Souzalite is a rare phosphate mineral often found as fibrous, blue-green aggregates within granite pegmatites. It is best identified by its association with other rare phosphate minerals and its distinct acicular habit, which makes it a sought-after species for mineral collectors specializing in pegmatite suites.
Is this souzalite?
5-step field checkRun through these checks against the specimen in your hand. The more boxes tick, the more confident the ID.
- 1Test the hardnessTry to scratch souzalite with a known reference. Souzalite sits at Mohs 6 — softer than the next harder reference, harder than the previous one.
- 2Check the streakDrag the specimen across an unglazed porcelain plate. Souzalite leaves a white streak.
- 3Read the lusterHold the specimen under a strong light. Souzalite typically shows a vitreous luster.
- 4Match the color rangeCompare against the expected color range: green, blue-green.
- 5Look at form & habitCrystal system: monoclinic. Typical habit: fibrous masses, acicular crystals.
Often confused with
Souzalite vs. its common look-alikes — and how to tell them apart in the field.

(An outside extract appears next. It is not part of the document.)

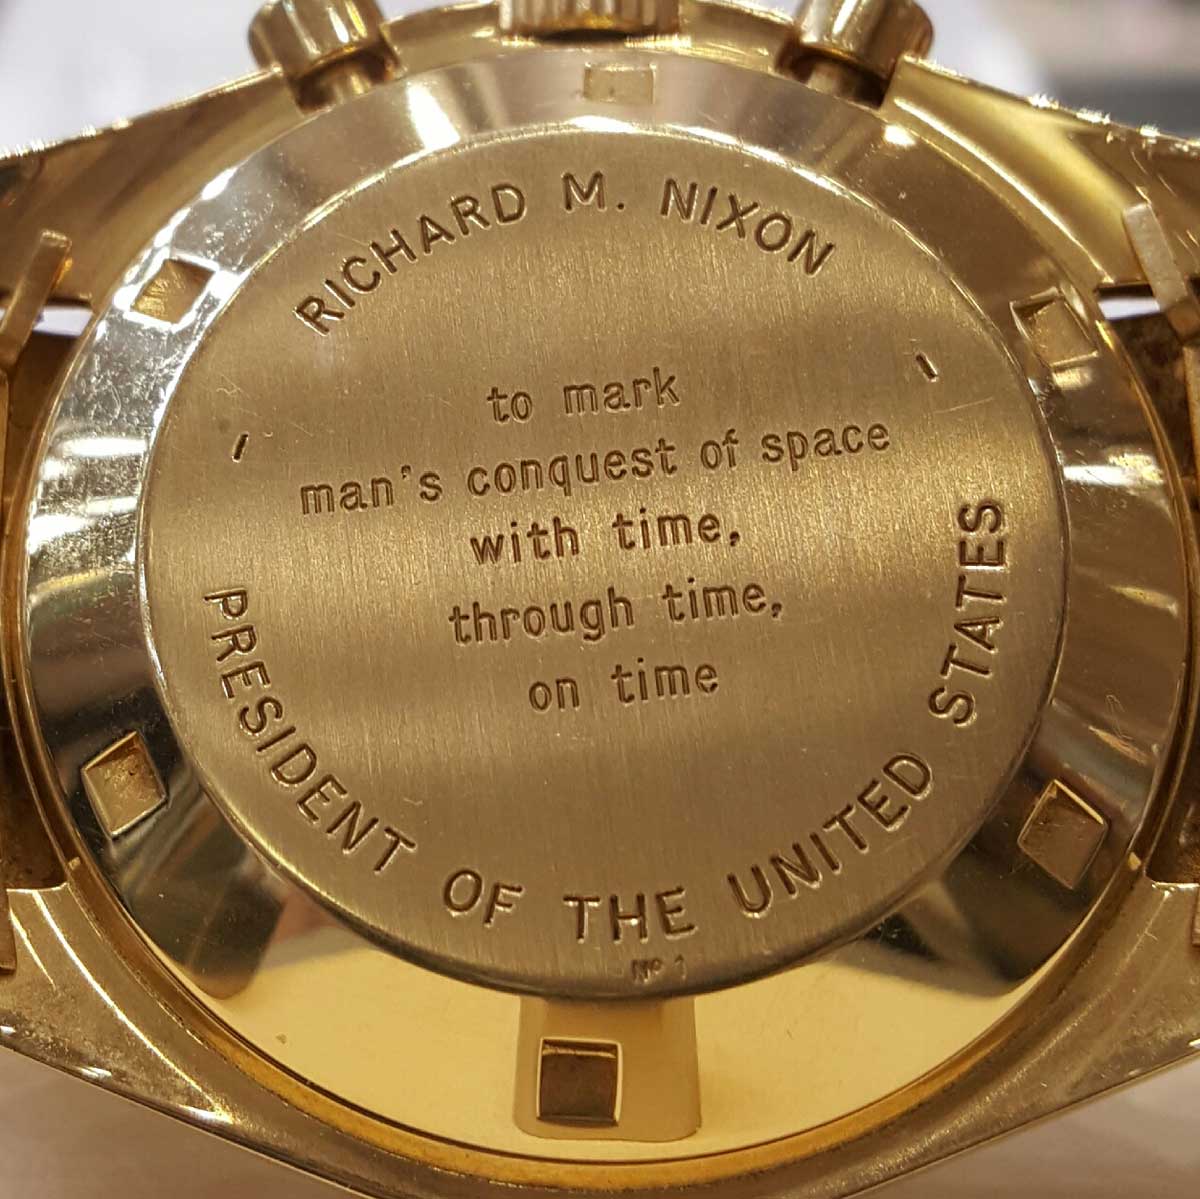 Number 1 of 1014, the Omega 145.022 that was intended for President Richard Nixon

Often found alongside souzalite
Minerals reported to co-occur with souzalite. Spotting these in float or country rock is a strong cue you are in the right ground.
All properties
- Chemical formula
- (Mg,Fe²⁺)₃(Al,Fe³⁺)₄(PO₄)₄(OH,F)₆
- Mohs hardness
- 6
- Density
- 3.31 g/cm³
- Colors
- Streak
- White
- Luster
- Vitreous
- Transparency
- Translucent
- Crystal system
- Monoclinic
- Crystal habit
- Fibrous Masses, Acicular Crystals
- Cleavage
- Good On {110}
- Rarity
- Rare
- Uses
- Collector
- Host rock
- Phosphate-rich Pegmatites
- Typical price
- $20-150 for small specimens
Where rockhounds find souzalite
Classic worldwide localities
- Minas Gerais, Brazil
- Custer County, South Dakota, USA
- Finland
Field-hunting tip
Look in phosphate-rich pegmatites country — that is the host setting where souzalite typically forms. If you start seeing trolleite, scorzalite, lazulite in float, you are in the right ground. Field specimens usually show a fibrous masses, acicular crystals habit, so train your eye for that shape before scanning the outcrop.